If a signal toggles state four or more times within 10 minutes, it is suppressed for 5 minutes. A resource oscillating between healthy and unhealthy collapses into a single notification once state stabilizes.
When a parent resource is suppressed, signals from its child resources are also suppressed for 30 minutes — so you don’t get child alerts for something that’s already known noise.
AWS automation services sometimes emit events with inflated severity. Pulse detects events from AWS internal actors and downgrades the severity before routing. The original severity is preserved for auditing.
Suppression by reason chart showing weekly trends for Duplicate, Flapping, Noise Signature, Rate Limited, Severity Normalized, Snoozed, and Cascade layers alongside a conversion rate heatmap

Suppression breakdown over time — visible in the Analytics tab

To review suppressed signals, enable Show suppressed in the filter bar. They appear at reduced opacity with a label showing which layer caught them.

Snooze

Snooze is the only suppression layer you control. Hover over any signal and click the snooze button. Choose a duration (1 minute to 30 days) and a scope:
ScopeWhat it silences
SignalThis exact signal only
PatternAll signals with the same source, type, and title pattern
ResourceAll signals from this resource ID
Use Pattern for recurring maintenance windows. Use Resource when decommissioning a resource during teardown.

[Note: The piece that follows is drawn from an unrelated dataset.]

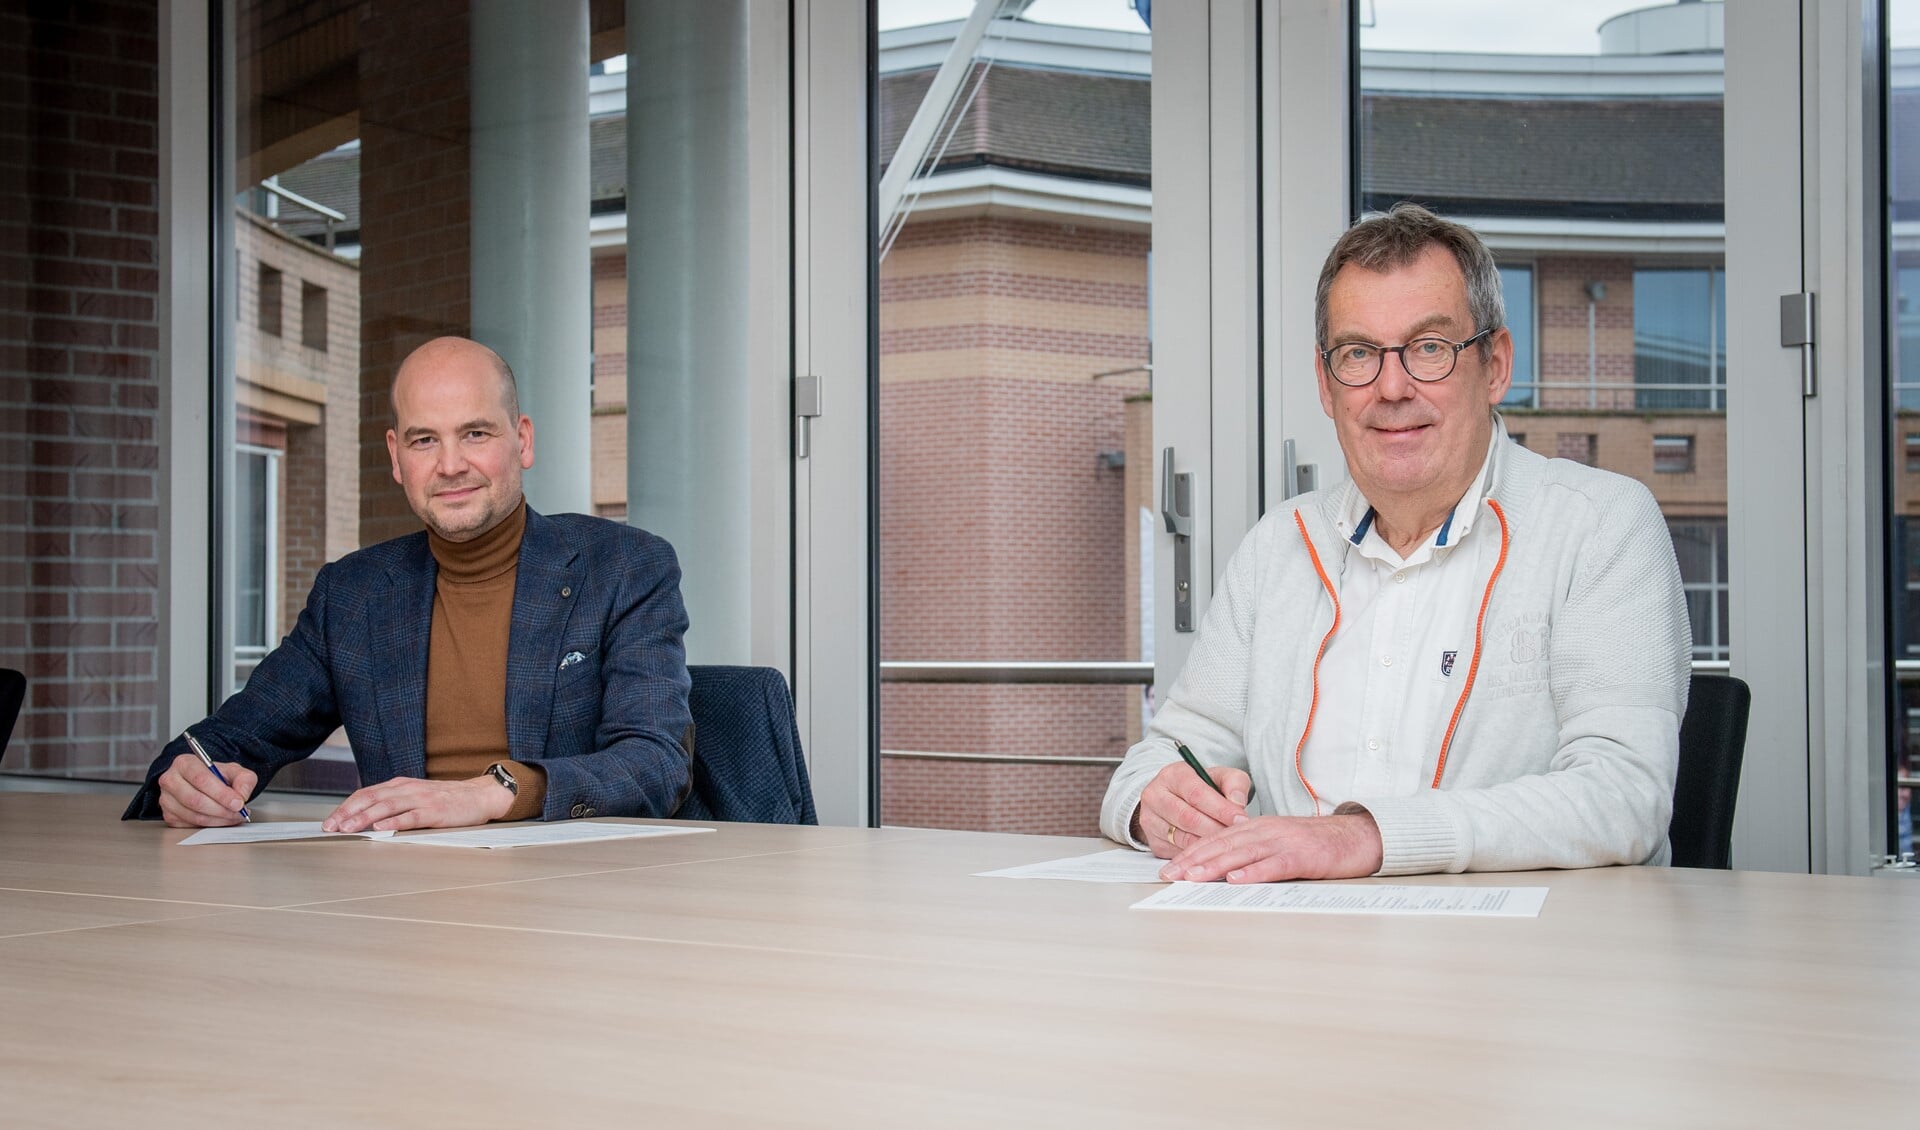 Onder meer Woningbelang-directeur Maarten Meulepas (l) en wethouder Kees Marchal ondertekenden de nieuwe prestatieafspraken.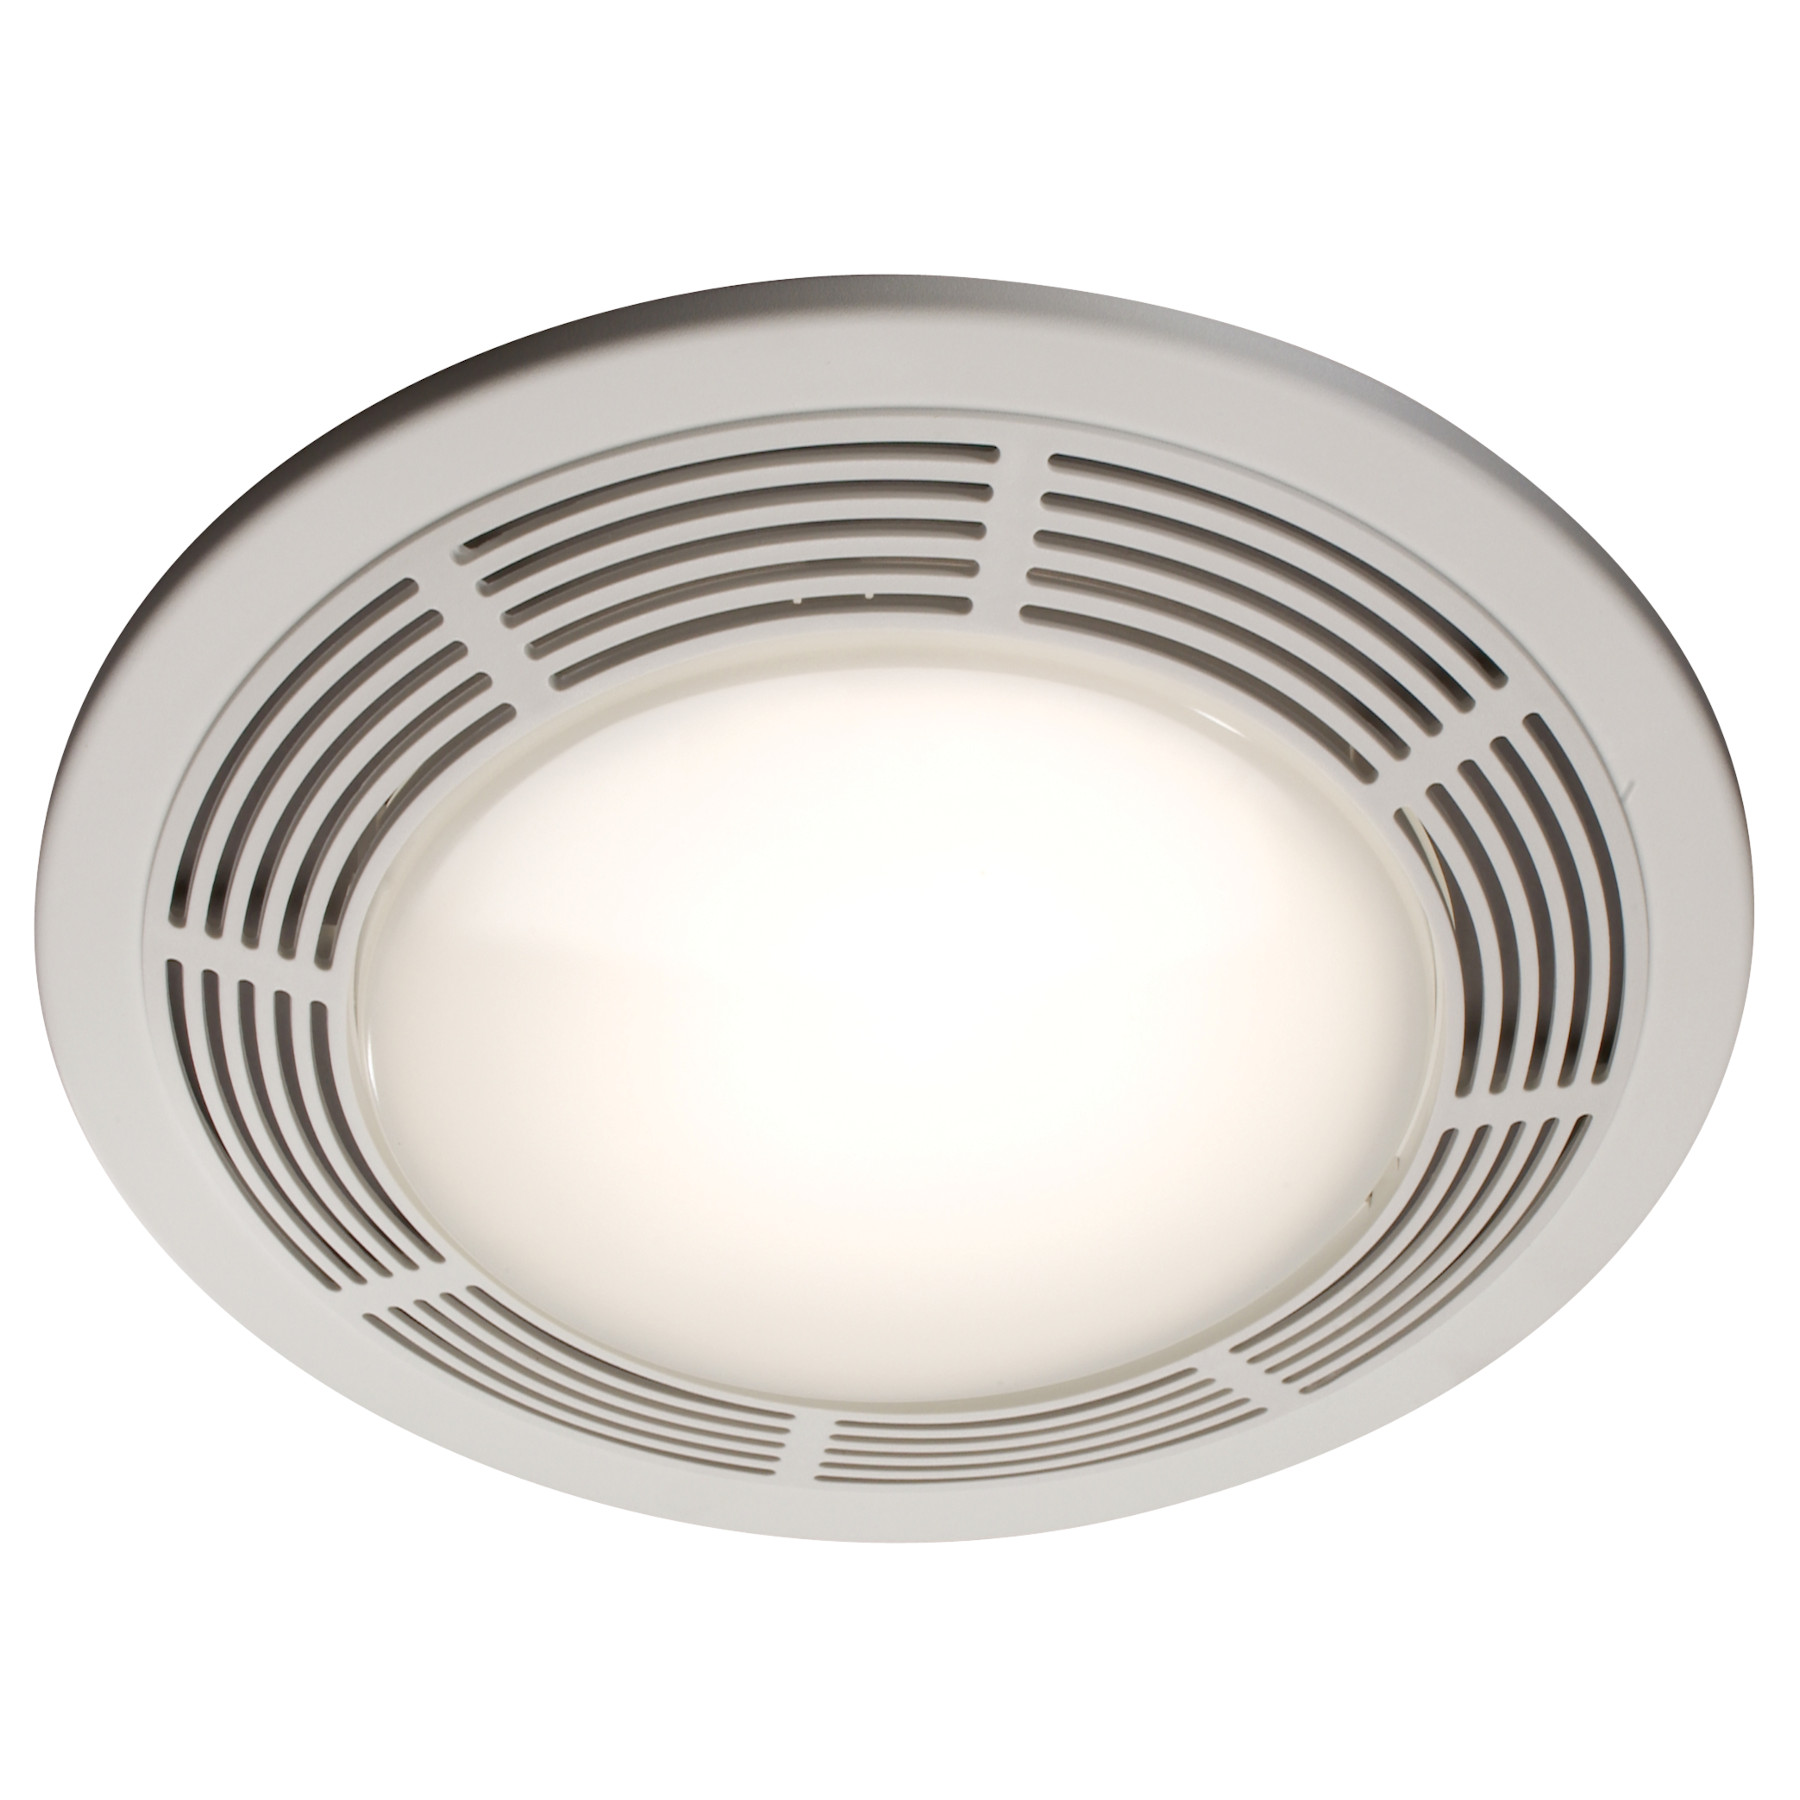 750 Broan Ventilation Fan W Light And, Bathroom Exhaust Fan And Light

Clusters — One Unit of Action

A cluster is the primary unit of work in Pulse. Instead of presenting every individual signal separately, Pulse groups related signals — the same EKS node pool firing nine alerts in 15 minutes becomes one cluster. You investigate once, act once, resolve once.

Status Lifecycle

Every cluster moves through four statuses:
StatusMeaning
FormingFirst signal arrived; collecting related signals
ActiveSignals continuing to arrive; open and needs attention
RoutedEscalated — a linked Incident has been created
ResolvedClosed by a user or automatically
Use the Active / All toggle in the feed to switch between active clusters only (default) or all statuses.

The Cluster Detail Panel

Click any cluster to open the detail panel.
Cluster detail panel showing EKS node pool cluster with 9 signals correlated via time_window at 85% confidence, signal timeline, resource metadata, and action buttons

AI-generated description, signal timeline, resource details, and actions

The panel shows:
  • AI-generated description — plain-English summary of what happened and likely impact
  • Cluster context — all member signals listed chronologically
  • Correlation info — technique used (e.g. time_window) and confidence score
  • Resource metadata — id, type, region, tags of the selected signal
  • Tabs — Overview for signal detail, Routing for escalation history, Raw for the full event payload

Actions

Acknowledge

Mark as seen without closing. Signals the cluster is on your radar. Reversible.

Assign

Hand to a team member. They’re notified and their avatar appears in the feed.

Escalate

Create a linked Incident. Cluster moves to Routed and RCA begins automatically — the cluster summary and all member signals are passed to the RCA agent as starting context, so investigation begins with full signal history already loaded.

Resolve

Close the cluster when the issue is addressed and no Incident is needed.

Automatic Escalation

Pulse auto-escalates clusters where any signal has Critical or High severity, or where the AI marks the signal actionable. These go directly to Routed and trigger root cause analysis — no manual escalation needed.